I was so damn concerned about Austin, I just wished he would have let me come into that old building with him. Anxiety overtook my body as I sat in my SUV, checking the time on my phone every minute, checking my rear-view mirror as well.

I desperately needed to know what Austin wanted to ask the The Elders. They werewolves in our pack with too much wisdom, they knew things that I'm quite positive I didn't want to know. They were almost superior to even Austin, The Alpha of the Blue Creek Pack.

I sighed while feeling overwhelming nervousness. I didn't have a reason to be nervous, although Austin did. I wondered if I was channeling my mates feelings. I couldn't tell because I hadn't felt that in so long.

I played with my hair as I waited for Austin to come back out, throwing it up into a tight pony tail before taking it out and runny my fingers through my hair. I didn't like how it looked and for some reason, I was momentarily self conscious of what he thought of me. I wanted him to think I was still as beautiful as I use to be when we were younger, happier.

I wanted so badly for our relationship to work out. In the end, if it didn't; I would never be happy without him anyway. It was a scary thought. To have your happiness totally dependent on someone else.

He came out in an hour. By that time I had nervously bit my lips until they were not in good shape. If he wanted to kiss me, they would no longer be smooth. Why was I so stressed?

I saw him coming to me and the steady pace that his chair allowed, and my heart sped. As he got closer, more details of his expression were revealed. I hoped for the best. I sucked my lips in and braced myself for the news as he approached. I quickly got out of the car to help him in, willing him with my eyes to tell me everything.

The thing was though, that I wasn't positive I even wanted to know. Sure, I had held out all hope that Austin could make a full recovery. I had been banking on the faraway dream of Austin waking up one day, with the ability to walk again. Many times I imagined him striding through our home, a big black garbage bag in his hand, throwing away every empty bottle of alcohol into it; I imagined him never looking back. Never casting a thought back on the hell we had lived in.

But it was a dream. Hope always turned into hopelessness. It was a toxic cycle in my mind. Almost worse than accepting the truth. Wolf's Bane was stronger than werewolves. It was stronger than us. Now the thought nagged at me again. But was the poison stronger than them? Than The Elders?

"Austin, is everything okay?" I inquired after we were both settled in for the drive back home.

"I don't know."

His response left me chilled. Not the words he said, but the tone they came out in. I was angry. Every time this anger boiled up inside me, I fought it. I couldn't be angry with Austin when it wasn't his fault.
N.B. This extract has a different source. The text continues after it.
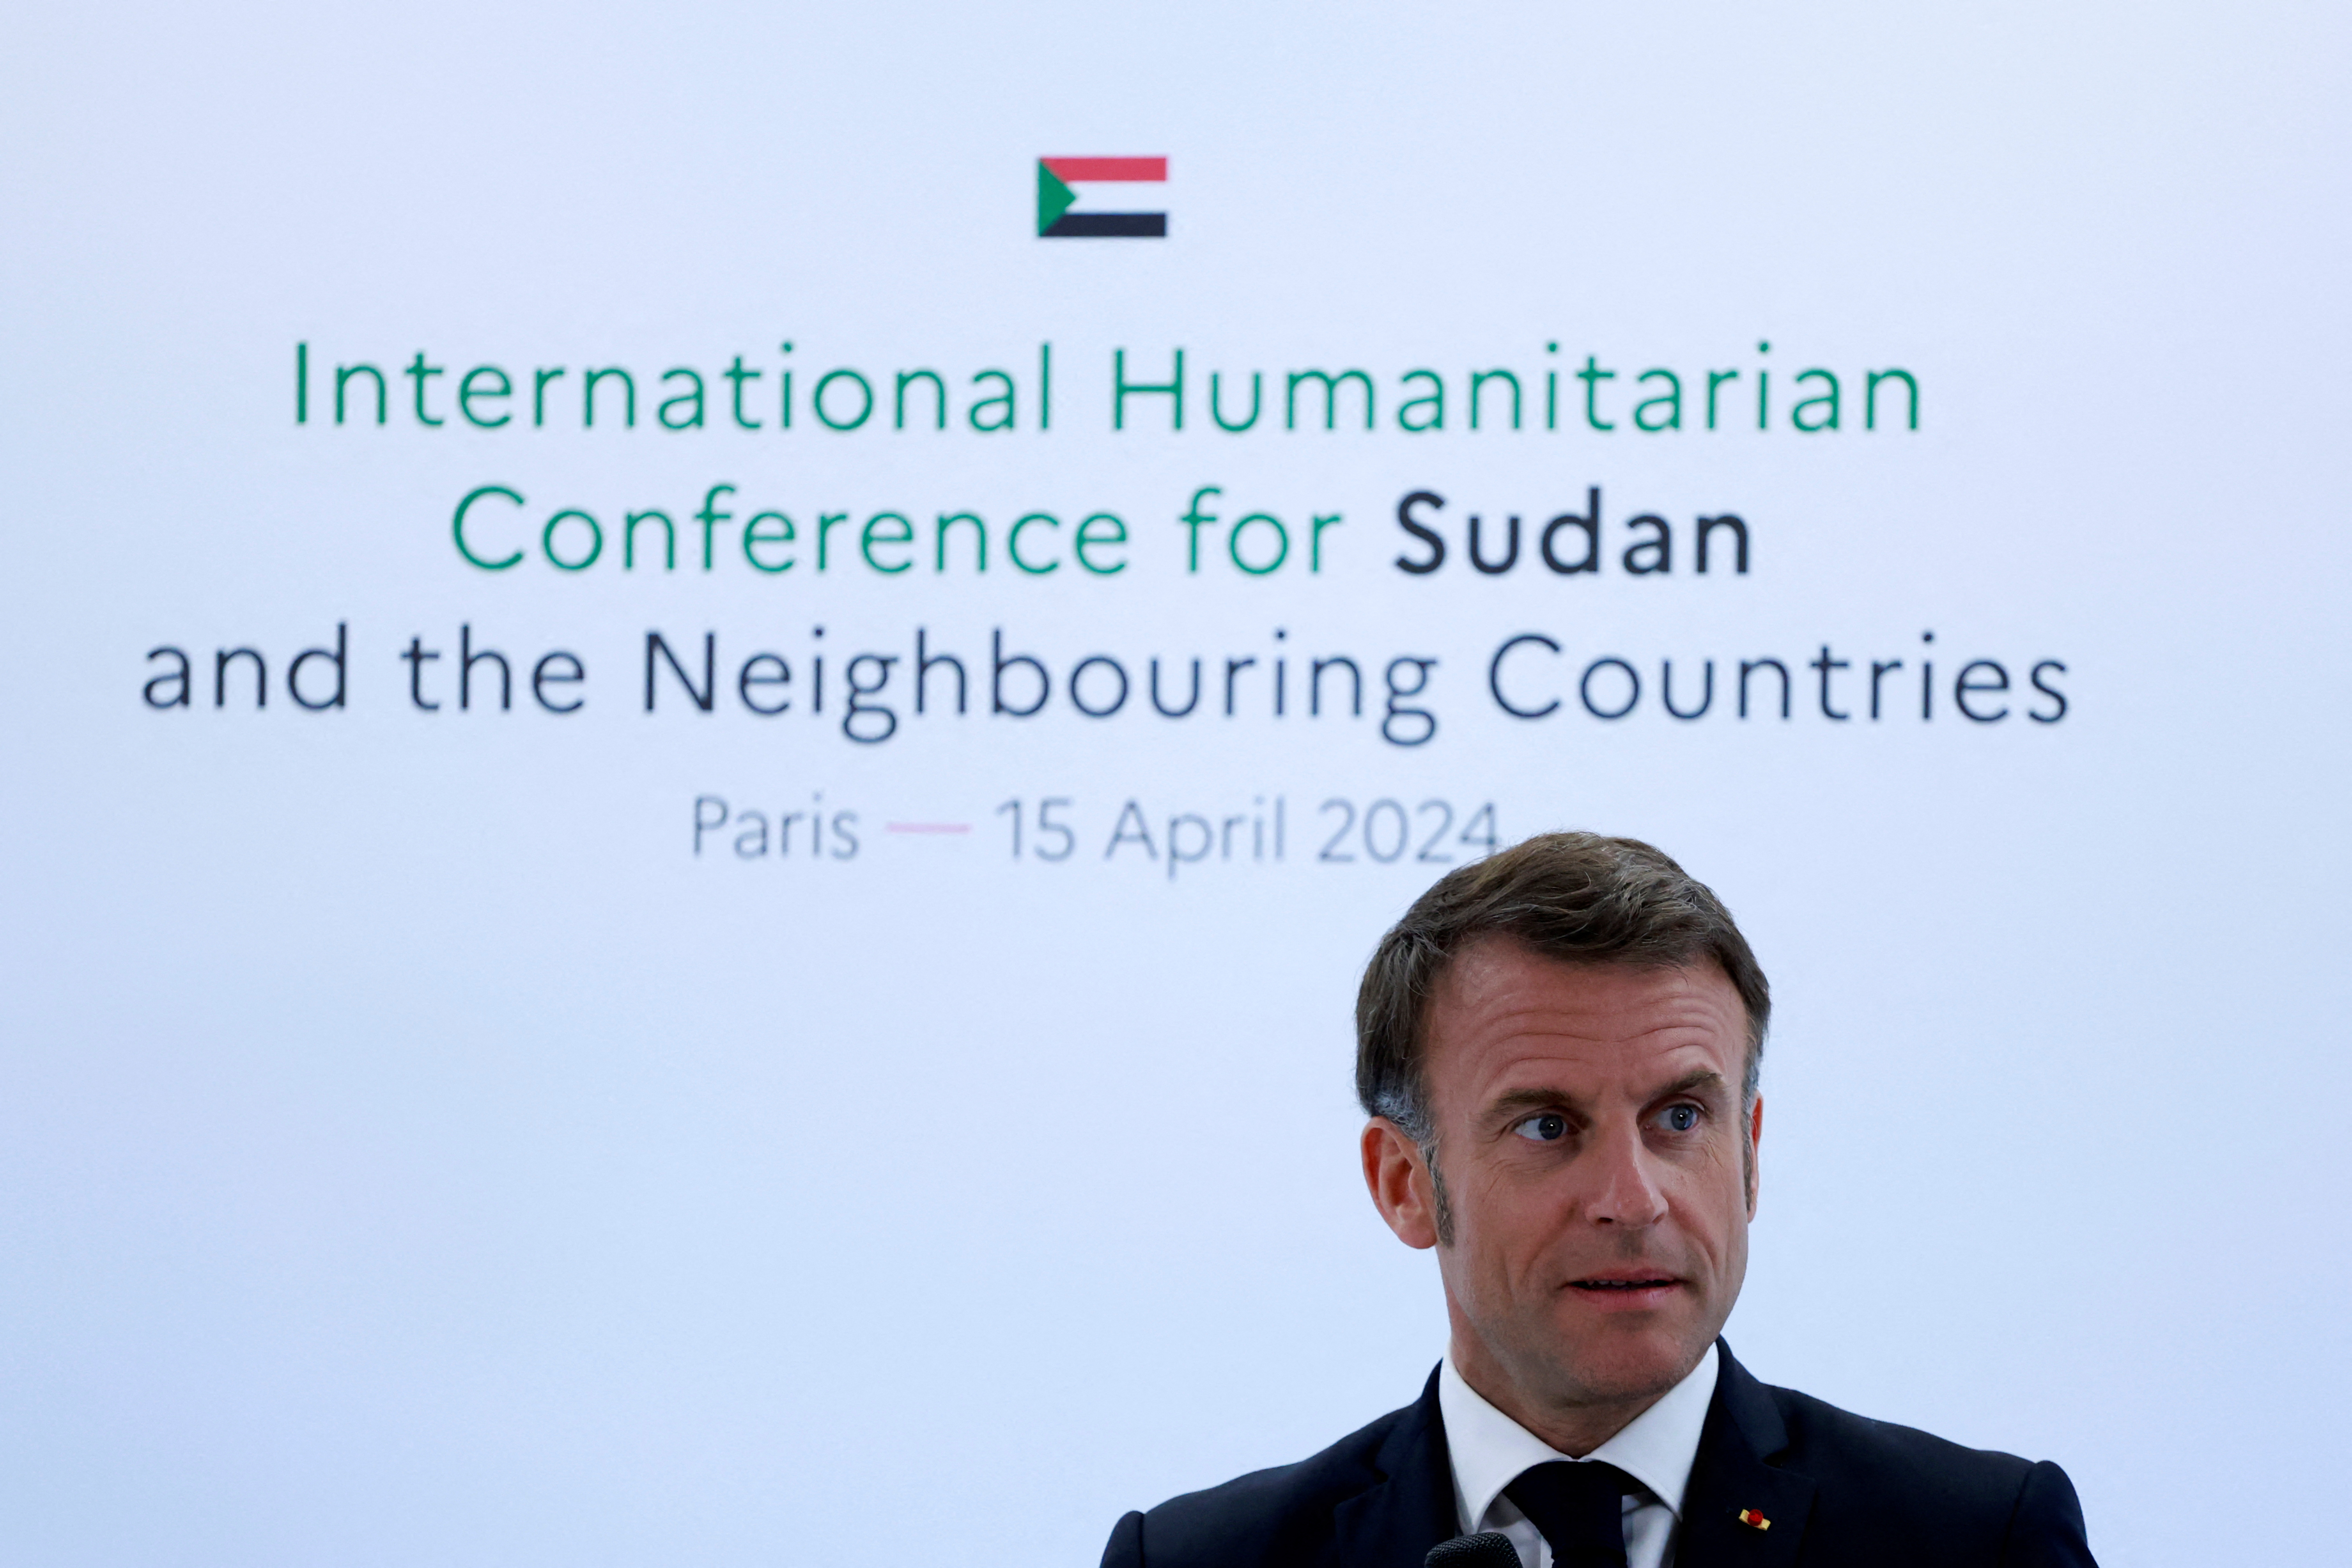 スーダン内戦1年、欧米諸国が飢餓対策で20億ユーロ支援表明

It was mine. No matter how many hours I spent in therapy trying to "understand that I wasn't the one to blame" I knew it would always be me. I would always be the reason for my mate's struggles. Now, at least.

I wondered what conspired in that building. But I didn't ask, because I didn't know how to. Did he ask them to summon her? Would they even oblige to his request with the stacks of unfulfilled duties that piled up each year Austin sat in his chair? Maybe they realized how badly our pack needed this miracle. Surely they would help.
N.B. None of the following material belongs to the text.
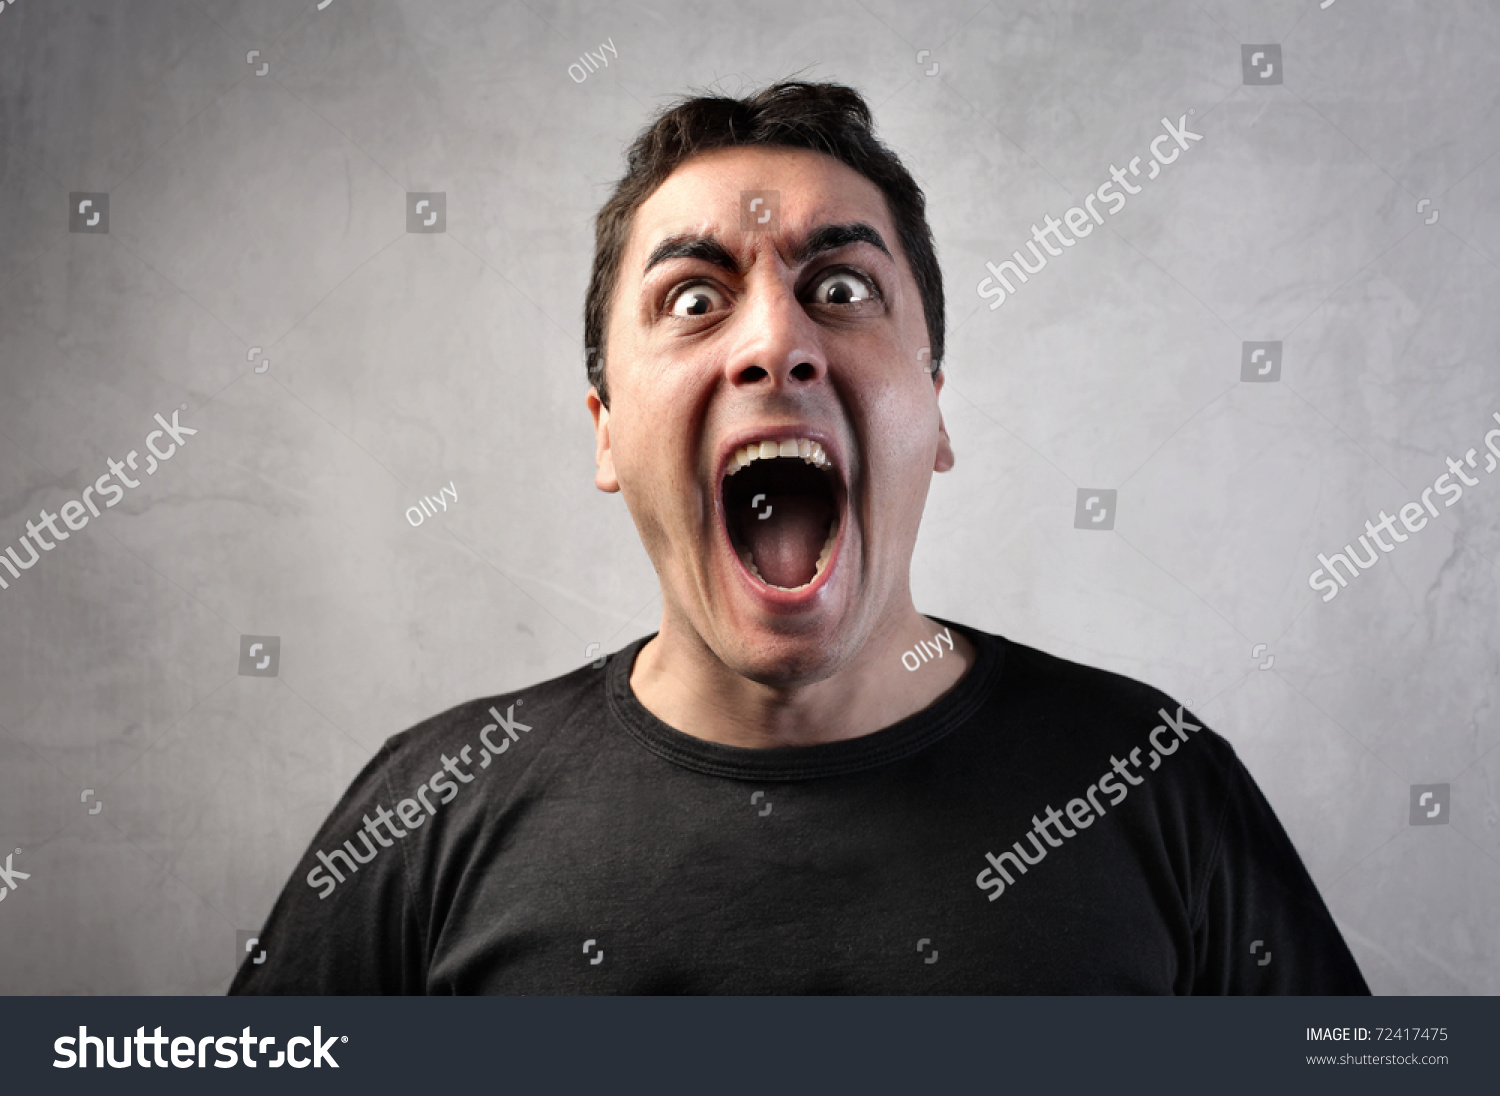 Man Shouting Stock Photo 72417475 - Shutterstock

"What did you say? What did they say?" I wondered, briefly glancing at him. He was relaxed. That was good.

"They said that I'm not the only werewolf who needs the same miracle from the The Goddess. They asked me, why I thought I deserved it more than a sixteen year old she wolf who was attacked by a rogue and left to die, in the Forrest outside Manhattan for a week with no help."

I was speechless. Why would The Goddess choose Austin? I couldn't think of a reason. Austin had proved to be the least deserving of something so rare and powerful. He'd been an unbearable jerk to me ever since the tragic accident. It broke my heart that Austin was cursed; doomed in a way. Still, I had to hope that maybe our family was the family that deserved a miracle straight from the Moon Goddess herself.

"When will you know, Austin?" I asked him softly. My eyes remained on the road, and my grip on the steering wheel tightened.

I had seen hope inside of my husband, inside of my mate before. That moment we had earlier, it was so far gone, the absence of it left an ache in my soul. I didn't even know how to continue as we drove down the windy road, back to our old life. When would something ever change? Was this really how my life turned out?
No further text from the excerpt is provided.